Si miramos otros escenarios, con la ropa pasa igual que con el uso del agua o la industria de la caña de azúcar: las empresas no están dispuestas a acabar con el negocio. Nadie puede desconocer que debemos vestirnos y que la calidad cuesta, no sólo las marcas. Nadie sensato puede repudiar que la industria azucarera en Valle del Cauca ha hecho aportes en términos de infraestructura –el ferrocarril, por ejemplo–, el capital para otras áreas de negocios que significa el 2% del PIB nacional y la generación de empleo, etc. pero tampoco que hace 40 años el departamento era despensa alimentaria y que hoy importa casi toda la comida que consume porque las 250.000 hectáreas del valle geográfico de su río están sembradas con caña, la mitad para producir azúcar y la otra mitad etanol. Es decir, una que envenena el cuerpo y la otra que envenena el ambiente.

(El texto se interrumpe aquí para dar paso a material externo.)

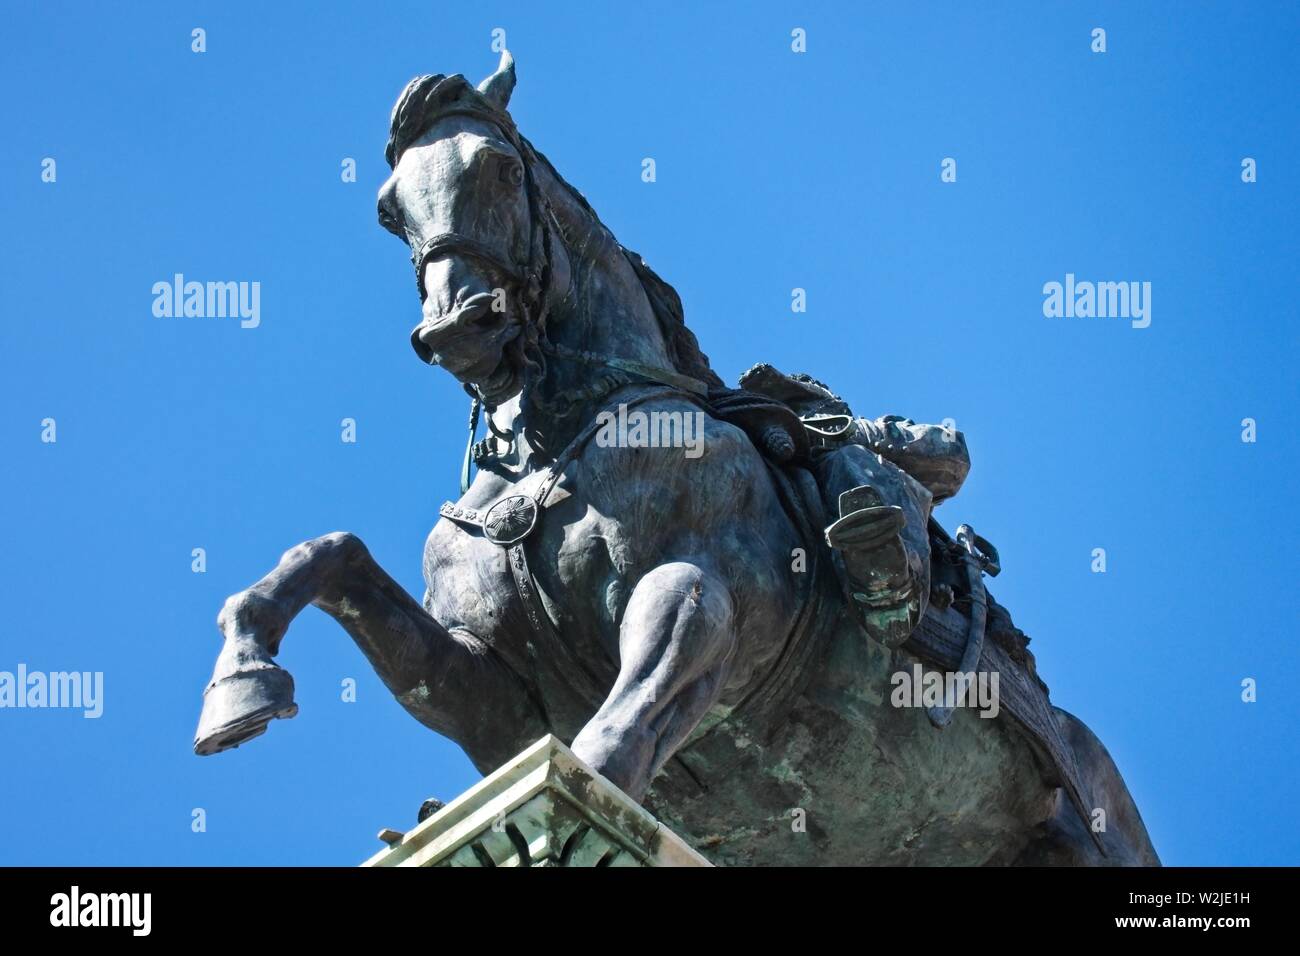 View from below of a bronze statue of a horse Stock Photo

Con el agua ni se diga. Vemos en todos los telediarios nacionales la situación de Bogotá, cuya escasez de agua y el consecuente desabastecimiento penden como una espada de Damocles sobre la cabeza de los capitalinos sometidos al racionamiento. Pero no son lo hogares los que más consumen o desperdician agua, aunque lo hacen. Es la industria y la agricultura extensiva. Poblaciones de Valle del Cauca no tienen agua mientras los ingenios obtienen licencias para la explotación del recurso superficial y del subsuelo. En Cali se denunció que la multinacional Coca-Cola tiene una concesión que le permite extraer 290.000 metros cúbicos de agua subterránea, por lo que paga 50 millones de pesos anuales, es decir, $17 pesos por metro cúbico. Un caleño paga $3.000 por esa misma cantidad. En Bogotá no es diferente, es peor. Postobón tiene tres concesiones de agua por las que paga $28 pesos por metro cúbico y una persona estrato uno capitalino debe pagar $1.046 pesos. La empresa paga sólo seis millones de pesos al año por 190.000 metros cúbicos de agua extraída en la localidad de Puente Aranda.
Y los dejo, debo ir a rezar el rosario, lavar una ropita y planchar la de mañana.